Notwithstanding demand for action, news of a new federal deficit will not be welcomed by the public. Few Canadians are yet aware that such a sharp detour from the orthodoxy of balanced budgets lies ahead. Fewer still will applaud the return to red ink. Indeed, among the consensus that's formed in favour of large-scale deficit spending, the only group left absent has been the voters.
None of which is to say this month's budget should depart from the expected commitment to a substantial stimulus package and consequent deficit. It is the necessary policy response. But this emerging divergence between elite consensus and public expectation is fraught with risk.
The central tenet of Paul Martin's successful fiscal efforts was a simple observation: Sweeping policy change best succeeds when the consent of the governed has been secured. Mr. Martin fostered and then relied on a nationwide enthusiasm for his fiscal prescriptions. But no such public consent has yet been granted for the accumulation of a new large deficit. Nor do we have the time necessary to gather such a public endorsement. Circumstances dictate that action must precede acceptance.
Perhaps if the Harper government had shown a little more agility with its initial policy response, things would be different. The past few months could have been put to use talking with Canadians about the choices facing them. Pledging surplus budgets and fictional asset sales only six weeks ago did little to condition Canadians for the change to come.
That being said, it's likely that no smooth transition was possible from the catechism of black-ink budgeting. The public aversion to deficits has taken firm root over the past 15 years. It cannot be expected to dissipate overnight - certainly not based on the broad assurances of a government that has been wildly contradictory in its public communications.
Which opens the door for Michael Ignatieff. By taking up this cause, he can shrewdly align the Liberal Party's economic message with the public mindset. Liberals should be the first to argue that government bears an obligation to couple any plan to explode the deficit with a corresponding program to later cut it back.
To be credible, such a program cannot be overly precise. But it must extend beyond windy promises that deficit financing is a temporary turn. Four commitments suggest themselves:
The stimulus package should be designed in the form of one-time capital transfers for infrastructure and endowments to entities such as the Canadian Foundation for Innovation. In this way, the budgetary hit will be mitigated.

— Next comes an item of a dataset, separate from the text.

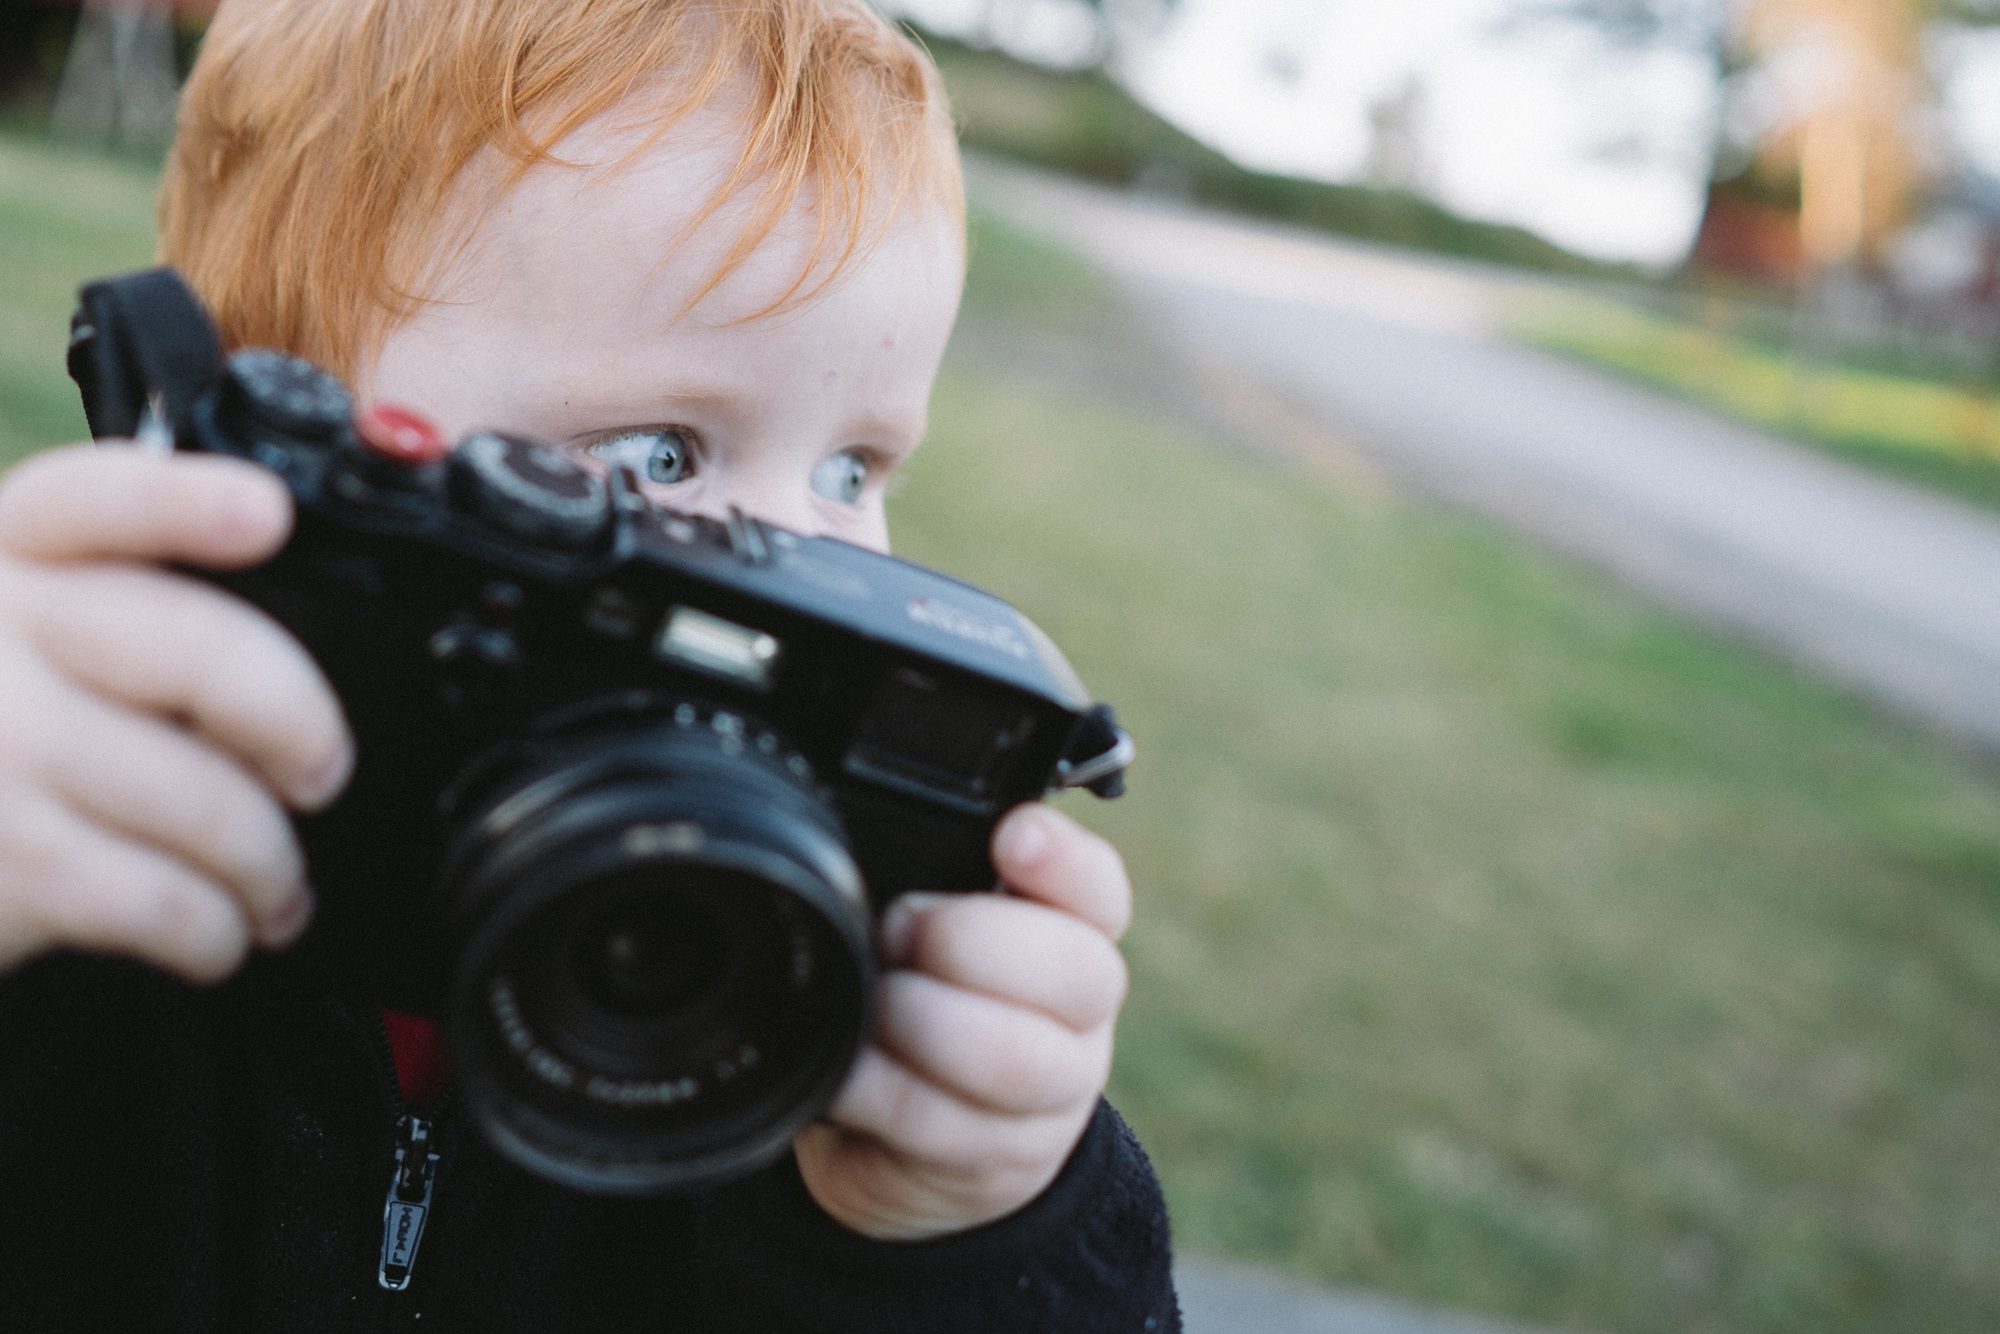 Gutt med kamera ser etter motiver å fotografere.

A timeline should be established for reducing the deficit back to zero. Five years is a reasonable horizon.
A permanent all-party committee should be established to secure annual savings to federal program spending of no less than 2 per cent beginning in 2011 - and that transfers to fund health, education and social services would be targeted last and least of all.
Should any future surtaxes or levies be created to help reduce the deficit, they should be set up by law to last no longer than the five-year horizon.
Politically, these measures would give the Liberals a message distinct from the Harper government - one that echoes the need to act boldly now but reinforces the importance of ongoing fiscal stewardship. Economically, such an approach would serve to reassure a public unready for a sudden return to large deficits and calm taxpayers concerned that one of our great national advantages is being squandered.
When dealing with the sensitive psychology of a country in recession, this is no academic matter. Public and consumer confidence is the tonic that ultimately remedies recessionary pressures. A concrete commitment to fiscal responsibility is more than a political strategy. It is a vital component of our economic recovery.
Scott Reid was director of communications for former prime minister Paul Martin.